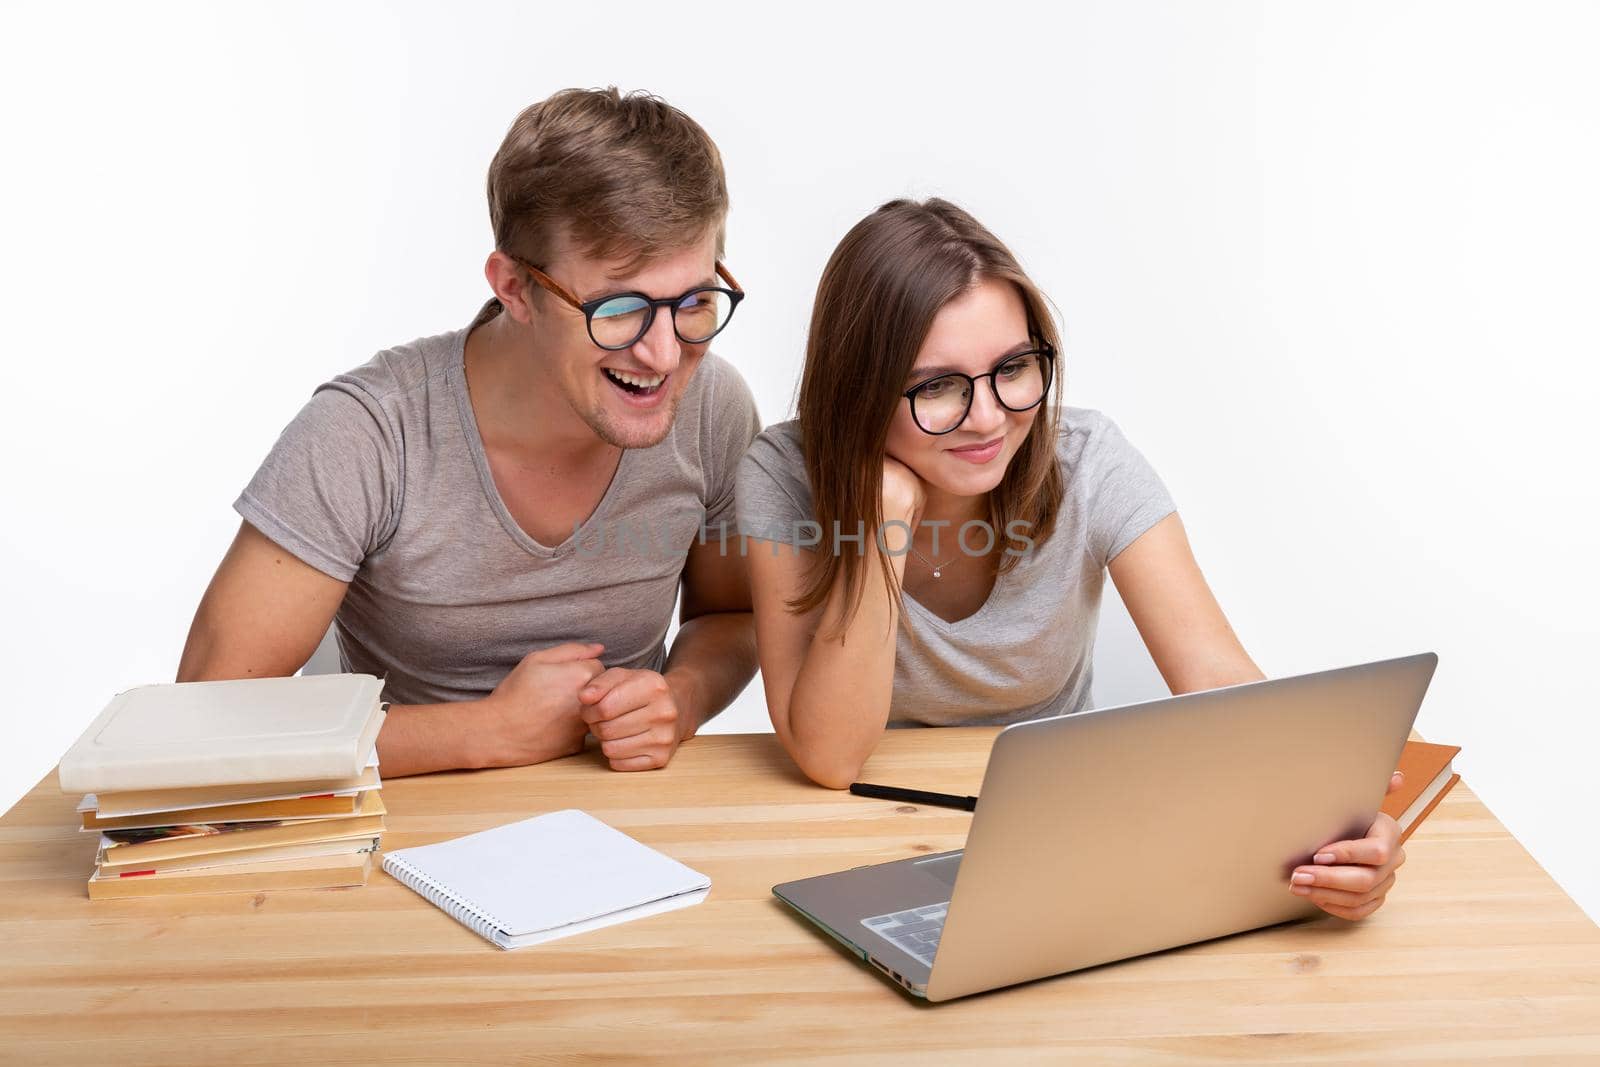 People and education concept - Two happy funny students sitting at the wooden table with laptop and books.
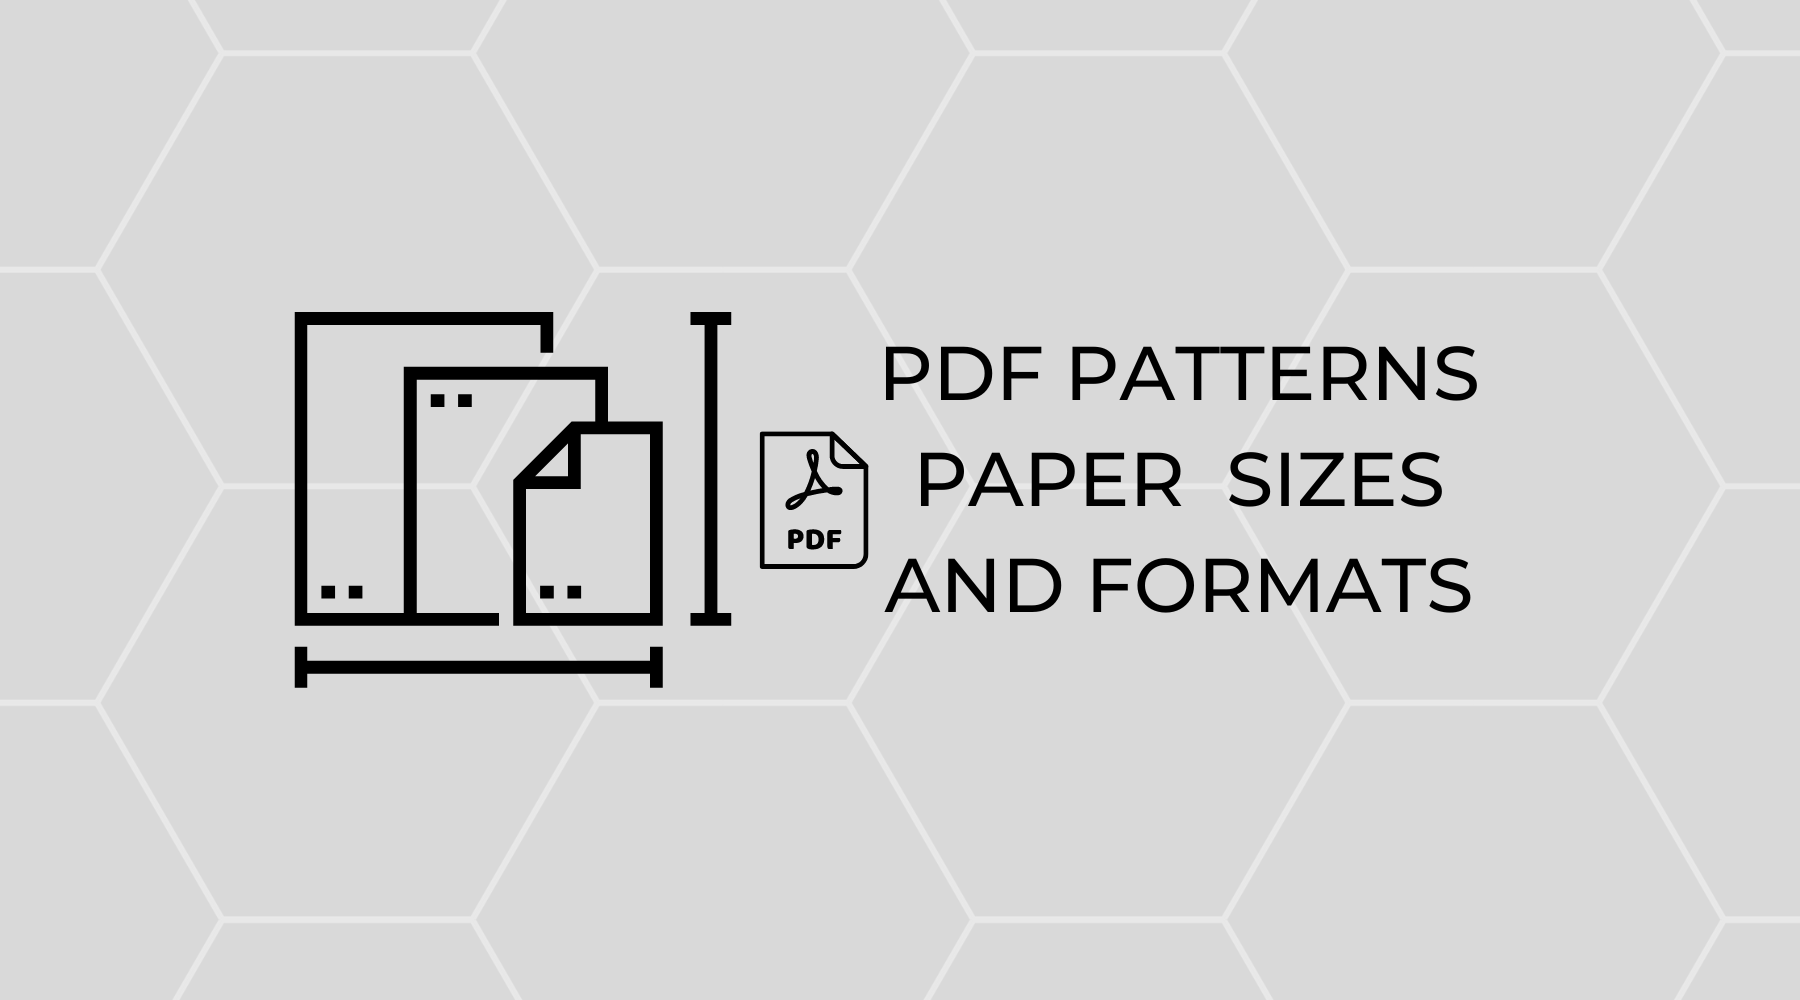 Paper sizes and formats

...

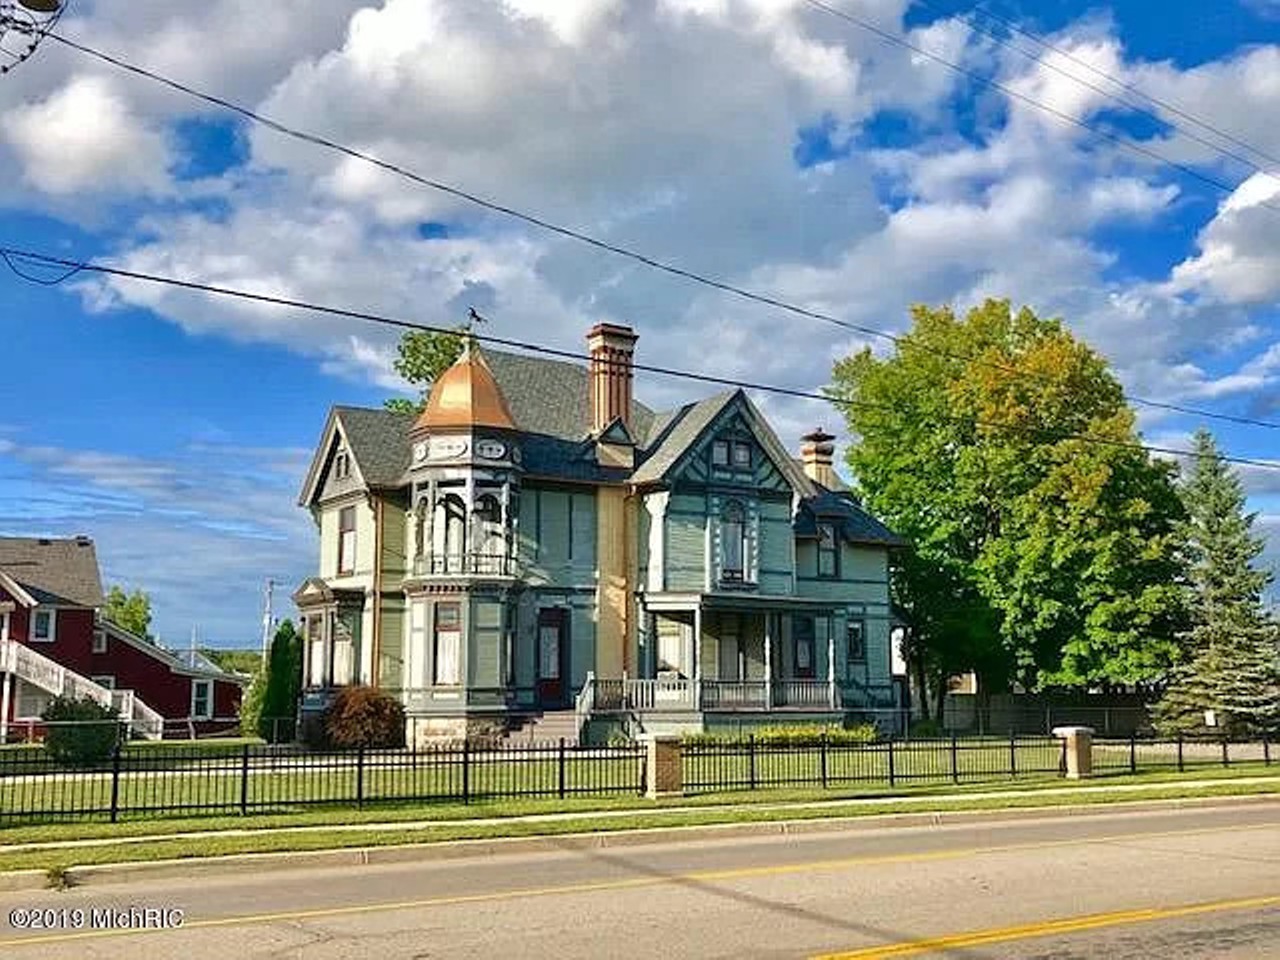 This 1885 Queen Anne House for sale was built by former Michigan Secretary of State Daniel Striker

* The task
Above are some records; extract exactly the lines from the one containing "People and education" through the one containing "Paper sizes and formats" and drop the pictures.

* Task response
 People and education concept - Two happy funny students sitting at the wooden table with laptop and books.
 Paper sizes and formats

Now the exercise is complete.